While we as professional performers know it’s important to be paid for shows, how many of us can say we’ve paid for our music? If we do not pay for our track, it goes right back (once publishers, downloads sites and record companies have lined their pockets with their cut…) – bands cannot pay for rehearsal space to create the music in the first place, cannot play live to hone the track, cannot pay for recording studios to record the track, etc, etc.
Using a track live…
Just to bear in mind… Yes, there are legal loopholes in using a track that doesn’t ‘technically’ belong to us (we tend to think of a track as ours because we have spend blood, sweat and tears creating the work on top of that track). when we buy the track, we might have to tick terms and conditions that state the track is for ‘personal use’ and ‘not for broadcast’. Which is why, sometimes, if you post a video of your act on sites such as youtube, the soundtrack might be removed by the site – basically a big record company might have got wind that you are ‘broadcasting’ a track they own (violating their publishing rights).
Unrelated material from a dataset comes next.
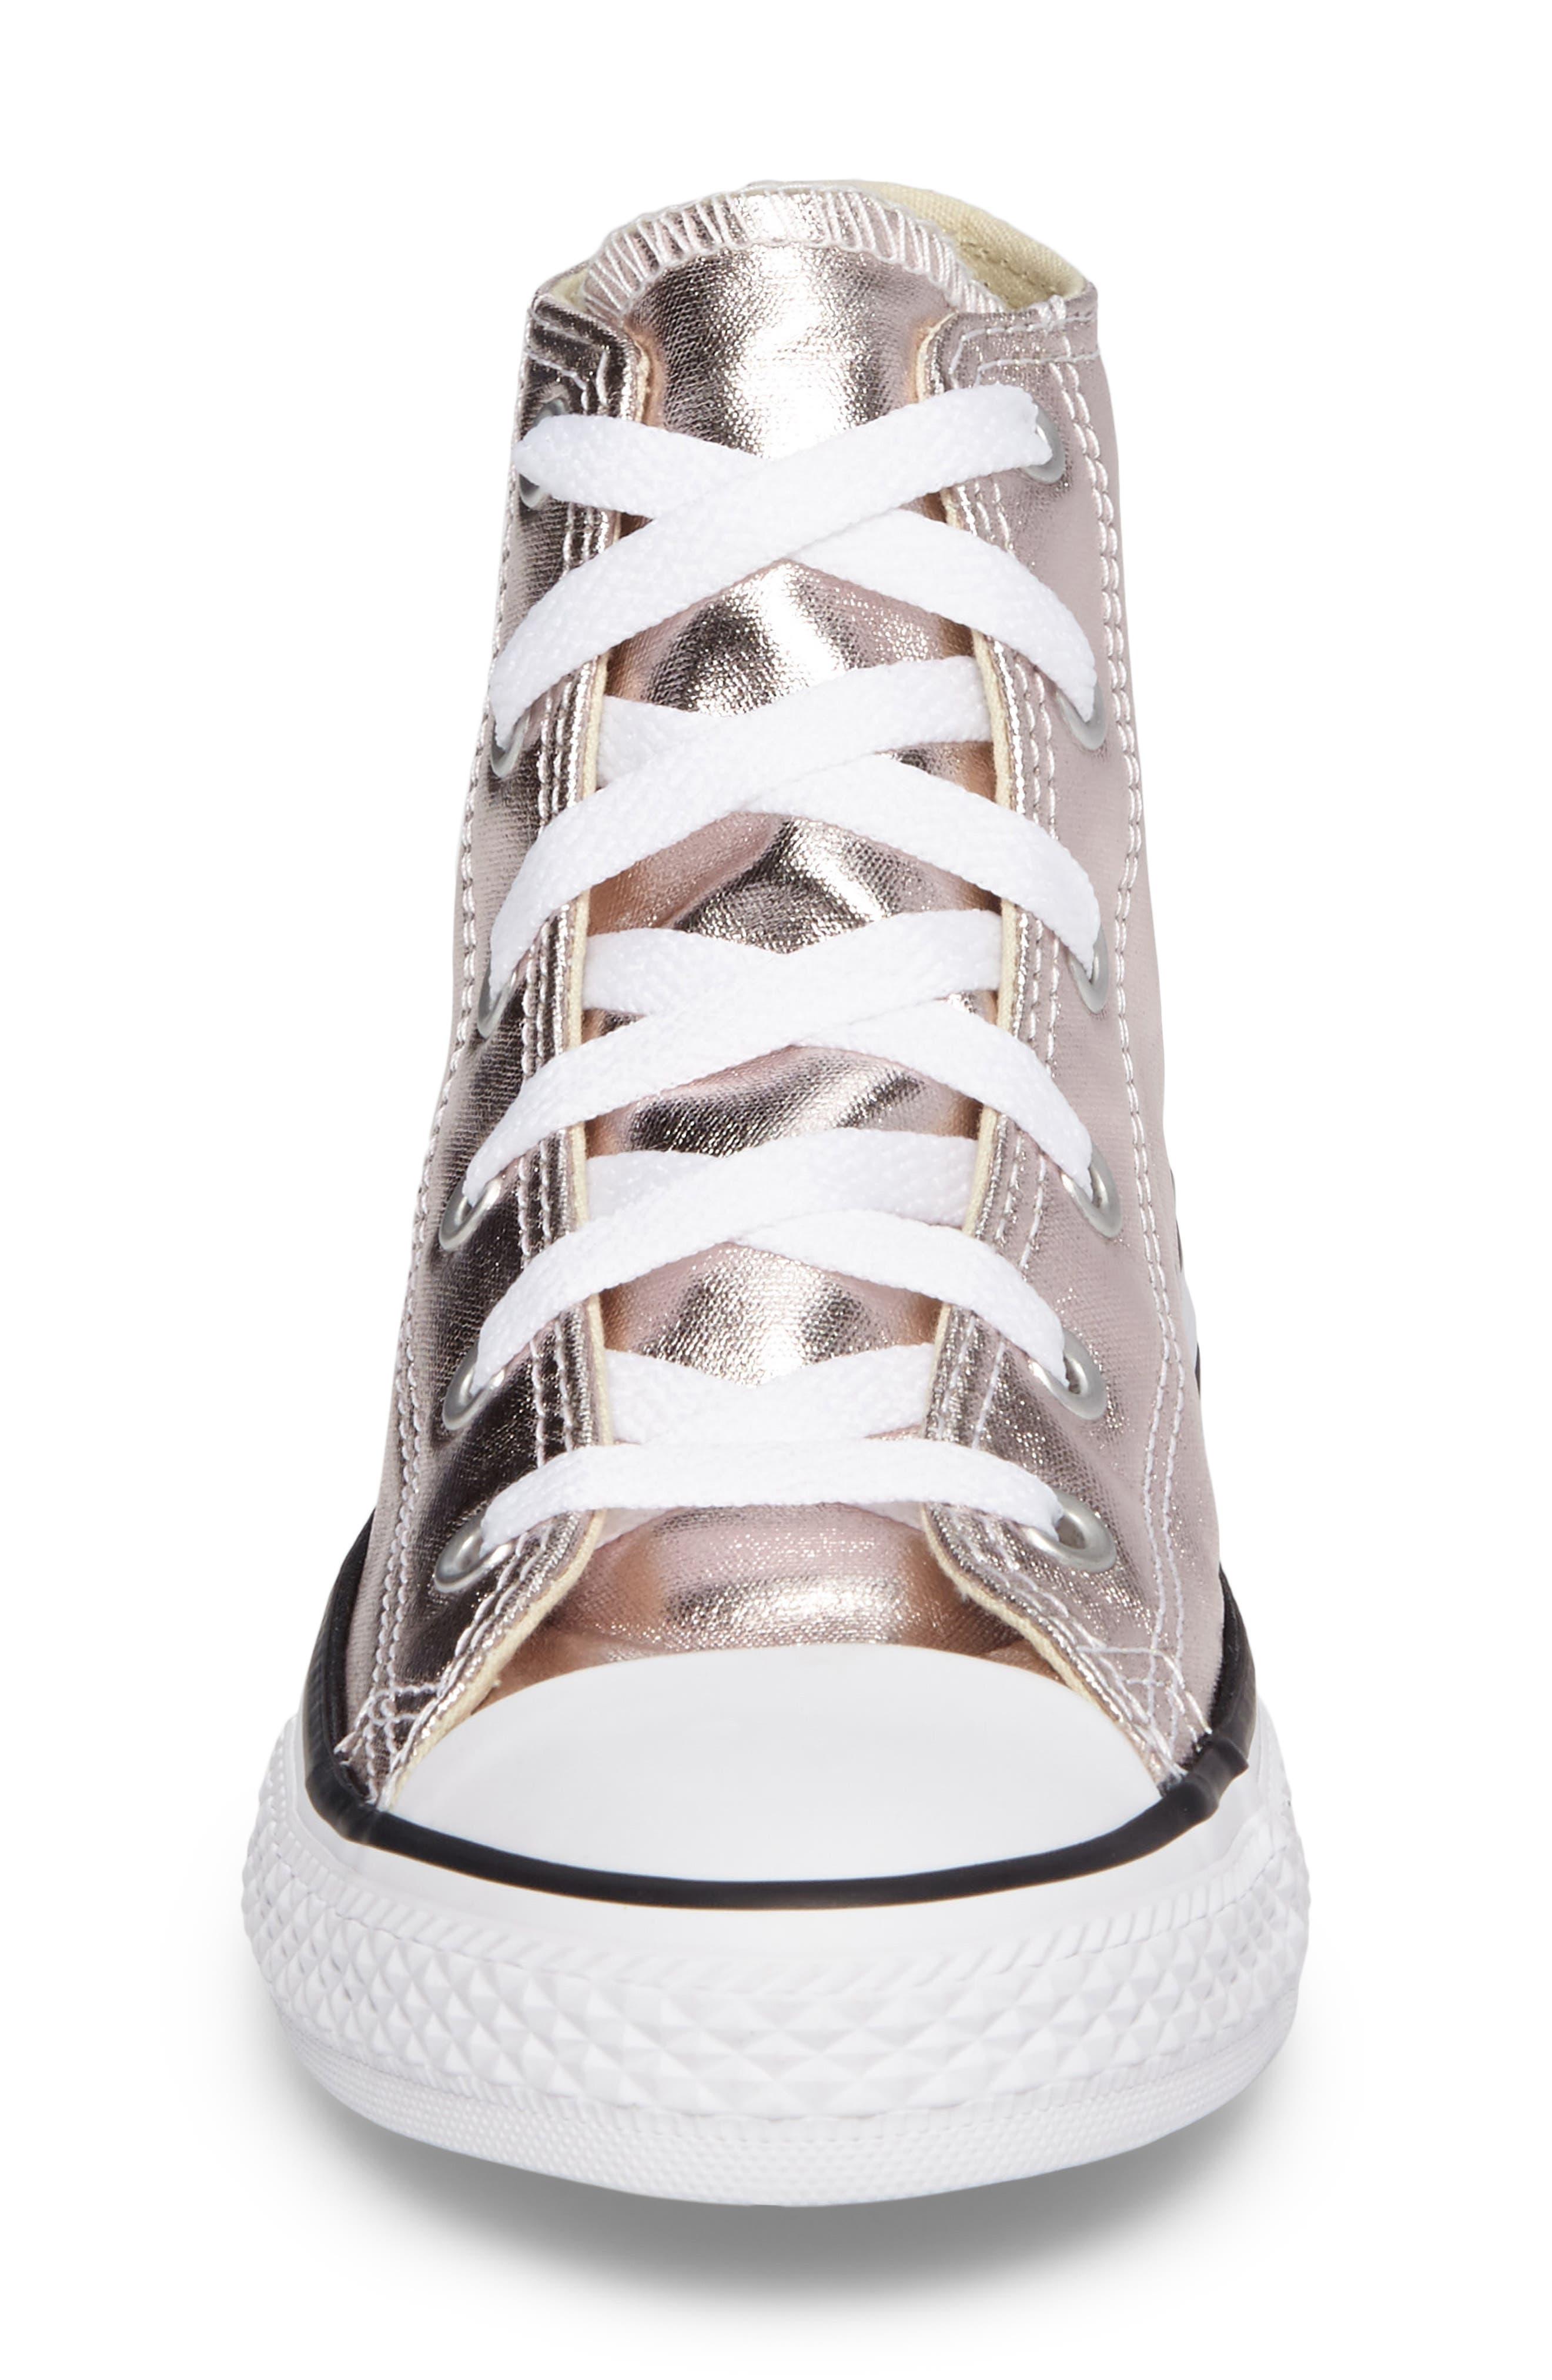 Chuck Taylor<sup>®</sup> All Star<sup>®</sup> Seasonal Metallic High Top Sneaker,                             Alternate thumbnail 4, color,                             221

PRS For Music – the basics
In the UK, the Performing Right Society (now called PRS For Music) was set up in 1914 to protect the copyright of music creators and ensure that if a track they created was played, they would be paid a small token for that music being used – which is fair – after all, if we perform, we want to be paid… If you are in a band, releasing music, you might want to join PRS For Music. PRS collects royalties from recorded tracks being ‘broadcast’ (by DJs, in theatres, as part of performances, on radio, mobiles, etc) and pays the publisher of the music (the one who has the copyright) for their music being played (however small!). A savvy band will never sign away the publishing rights to a record company or a publishing company, as aside from not receiving any royalties from their music being played, these people will hold the copyright of the material and are free to use it (and associate it) however they want to get their royalties without the band’s permission, as the music does not now belong to them (but that’s a whole other story!). If a band forms their own ‘publishing company’ (basically getting together, giving their ‘publishing company’ a name and registering it) they can ensure any royalties from their tracks being used are going directly to them.
Venues and PRS
When you perform live in the UK, a venue should be covered by a PRS For Music license. A venue will have had to apply for the license, and this license differs depending on if the venue is a theatre, concert venue, festival or charity event, etc. This means if you perform in a bonafide venue, they will be licensed to play your chosen track(s). You will sometimes be asked for the track and original artist – this information is passed on to the venue who will then fill in the relevant forms. You can find out more about PRS For Music here
Morals and Music
So now we are all clear who owns the music… On top of that, there’s a few moral questions about using a track to think about… For instance, if you are at a show and you see a performer using an amazing, quirky, wild track that you’ve never heard before, is it okay to ask them what the track is to go and use for your own routine? No, not really. You are a producer who also performs and a performer has emailed you their music and you quite like the track. Is it then okay to use it for a new routine? No, not really… You have seen a video of a performer and love their track and were thinking of doing something similar with the track yourself – should you do it? Check our previous post on Copyright of Routines
Whilst not breaking any laws regarding music being used, if you did any of the above, you would be breaking a moral code – and would definitely not be making any friends on the close-knit scene.
Original is best!
If in doubt, remember the motto – original is best! You want your work to shine out from the crowd, you want to be noticed, you want to further yourself… So do yourself a favour and make the right choice regarding music! Don’t go for the obvious (and probably most over used) ‘burlesque sounding’ tracks. Make a statement! grab the audience by the short and curlies (if it’s that kind of audience!) with your excellent choice of music! And do well!